Cum.Wt: The sum of the AICc weights. Here the top two models contain 100% of the cumulative AICc weight.
LL: Log-likelihood. This is the value describing how likely the model is, given the data. The AIC score is calculated from the LL and K.

From this table we can see that the best model is the combination model – the model that includes every parameter but no interactions (bmi ~ age + sex + consumption).

The model is much better than all the others, as it carries 96% of the cumulative model weight and has the lowest AIC score. The next-best model is more than 2 AIC units higher than the best model (6.33 units) and carries only 4% of the cumulative model weight.

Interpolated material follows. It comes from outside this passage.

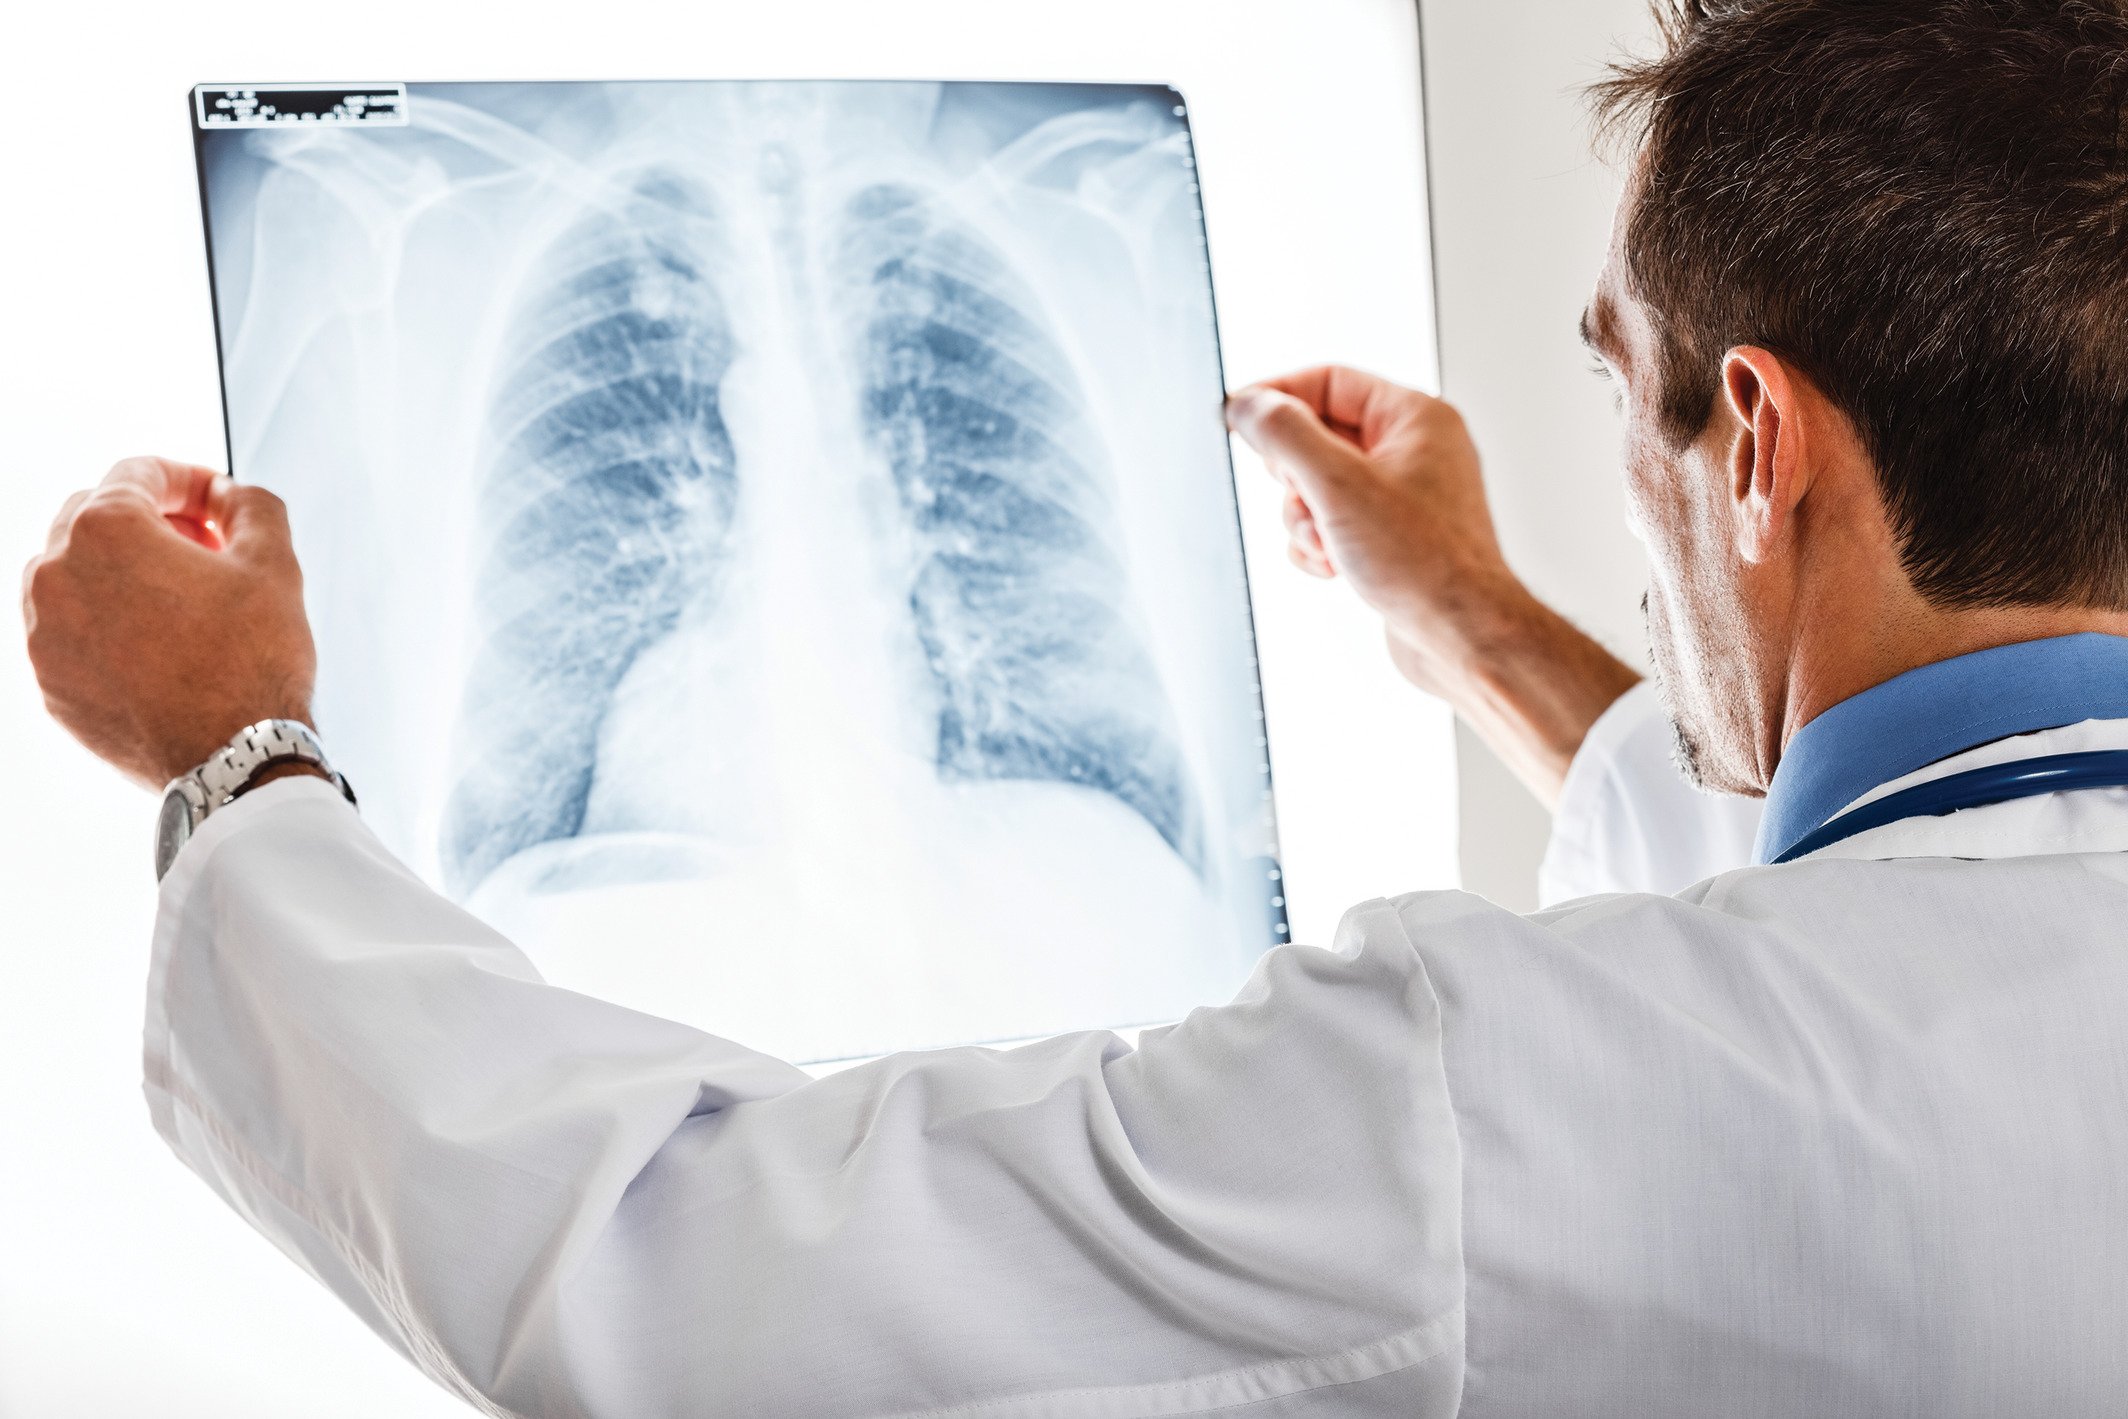   DIGITAL X-RAY   X-ray machines use electromagnetic radiation, passing these particles through the body to capture specialized images of harder bodily structures like bones.   Learn more  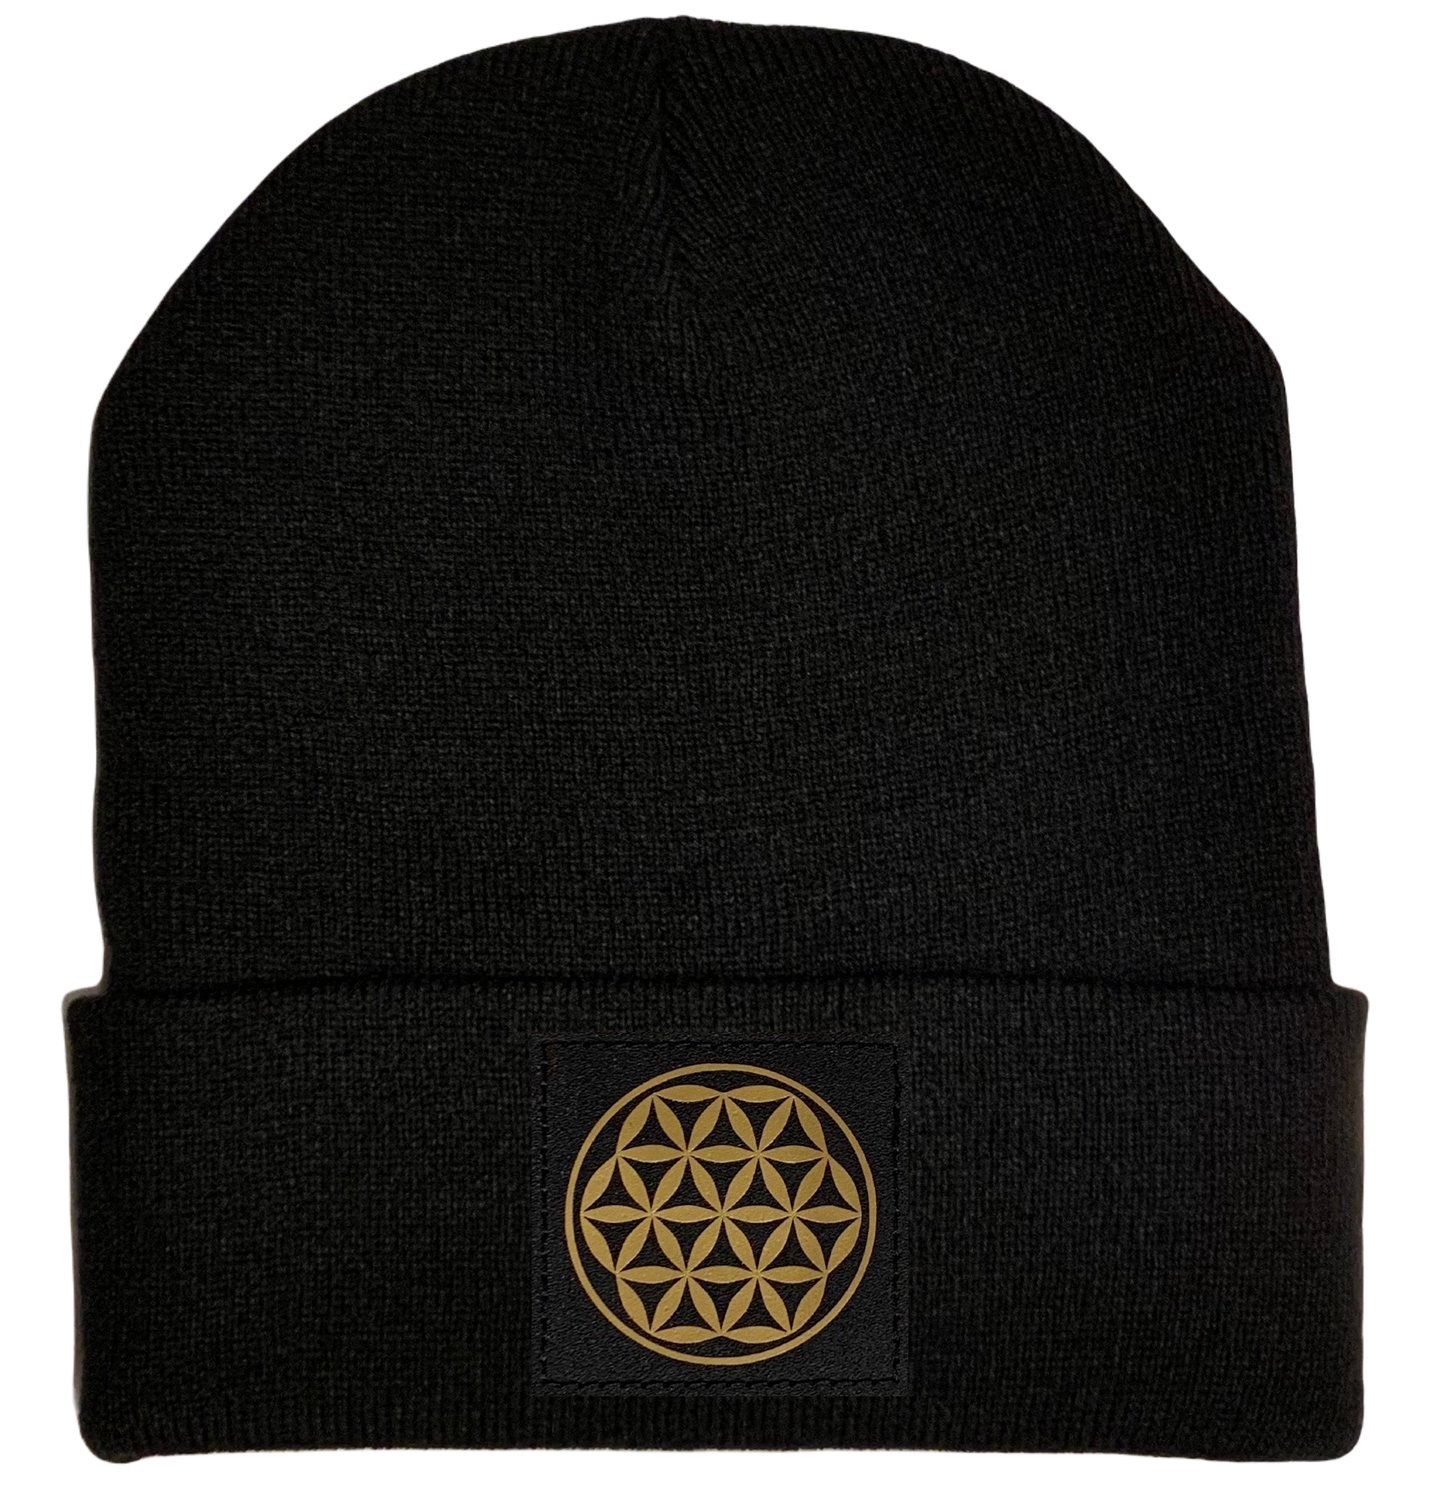 Beanie - Black cuffed w, Black and Gold Hand Made Flower of Life Vegan Leather patch over your Third Eye buddha gear

Based on this comparison, we would choose the combination model to use in our data analysis.

Reporting the results¶

If you are using AIC model selection in your research, you can state this in your methods section of your thesis, dissertation, or research paper. Report that you used AIC model selection, briefly explain the best-fit model you found, and state the AIC weight of the model.

Example methods section

We used AIC model selection to distinguish among a set of possible models describing the relationship between age, sex, sweetened beverage consumption, and body mass index. The best-fit model, carrying 96% of the cumulative model weight, included every parameter with no interaction effects.

After finding the best-fit model you can go ahead and run the model and evaluate the results. The output of your model evaluation can be reported in the results section of your paper.